Programmed cell death ligand‐1 (PD‐L1, B7‐H1, or CD274) predominantly expressed on the surface of tumor cells and APCs plays an important role in the inhibition of T cell‐mediated immune response.6 Constitutively overexpressed PD‐L1 in several cancers including melanoma, renal cell carcinoma, lung, breast, ovarian, and colorectal cancers (CRC) binds to programmed cell death receptor (PD‐1), leading to deactivation of PD‐1 expressing T lymphocytes and immune suppression, which is associated with poor prognosis and treatment response.7 Anti‐PD‐1/anti‐PD‐L1 antibodies can prevent the recognition of an important immune checkpoint pathway between PD‐1 and PD‐L1. Clinical studies have demonstrated anticancer activity of these antibodies in multiple tumor types including advanced melanoma, non–small‐cell lung carcinoma, renal cell carcinoma, head and neck cancers, bladder cancer, breast cancer, and Hodgkin's lymphoma.6, 8, 9, 10 Therefore, the changes in PD‐L1 expression level can be used to monitor the response of anti‐PD‐1 or anti‐PD‐L1 immunotherapies.

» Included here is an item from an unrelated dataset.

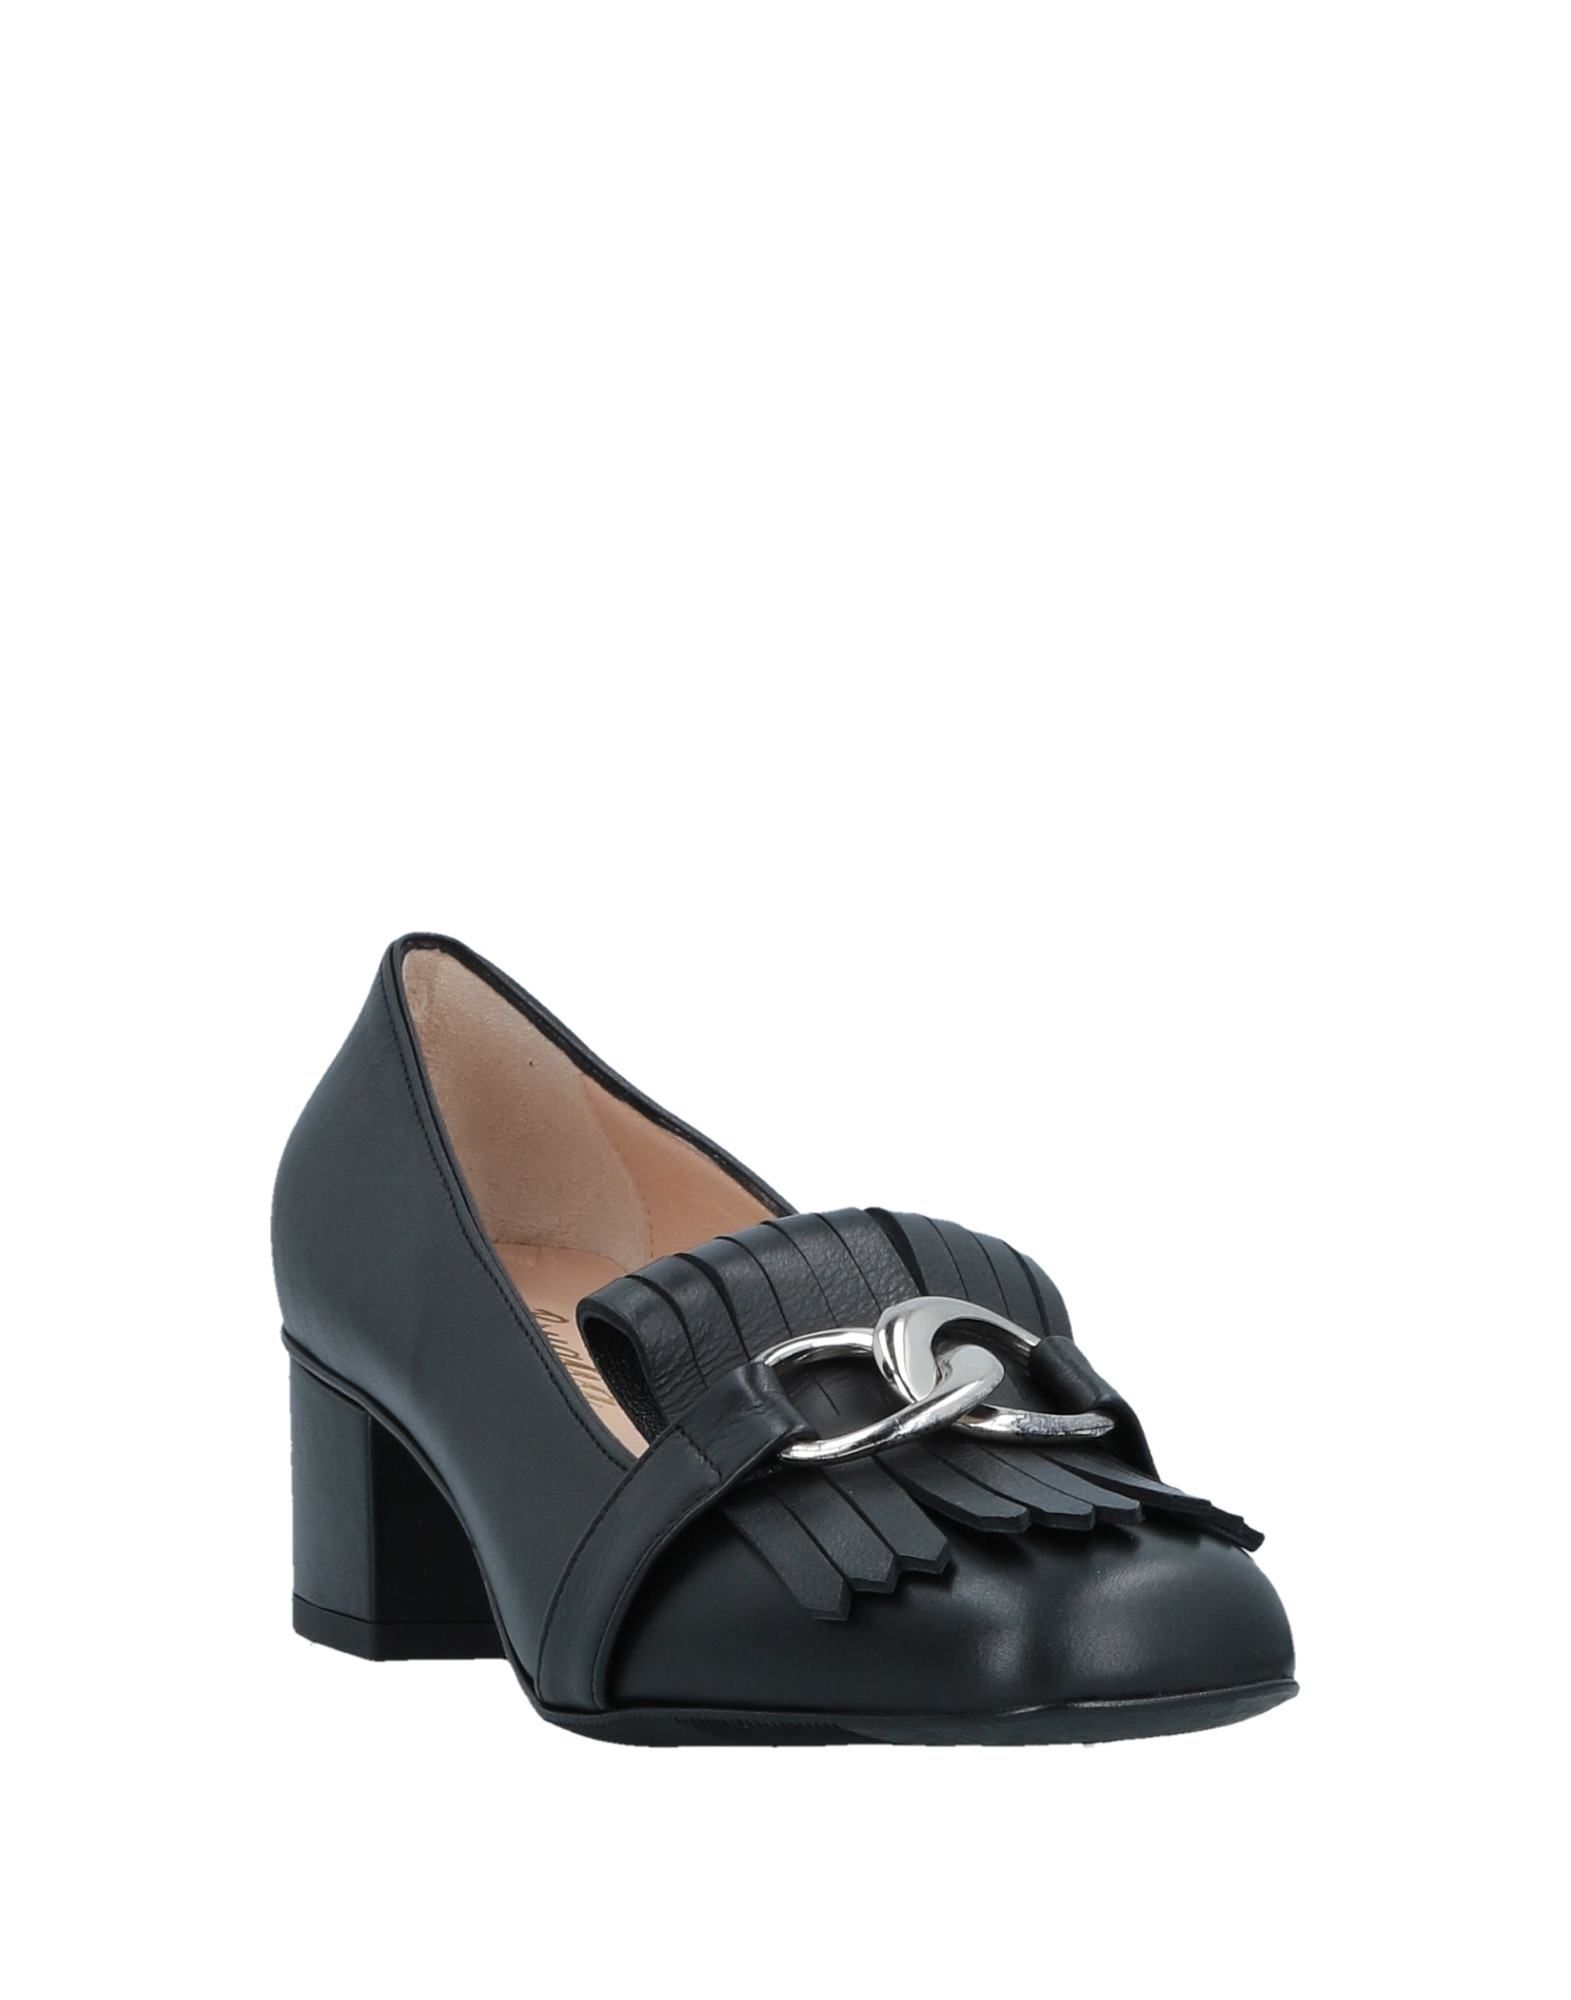 Stilvolle billige Damen Schuhe F.Lli Bruglia Mokassins Damen billige  11517898BV 409fe9

However, more than half of patients with cancer do not respond to checkpoint blockade therapies because of low levels of PD‐L1 or PD‐1 expression in cancer cells.11 Furthermore, PD‐L1 expression is a dynamic process that can cause a different efficacy and response of anti‐PD‐1/PD‐L1 target therapy among different tumor types and individuals.12 Thus, there is a pressing clinical demand to accurately determine the expression levels of PD‐L1 in vivo and predict which patients are more likely to benefit from immunotherapy.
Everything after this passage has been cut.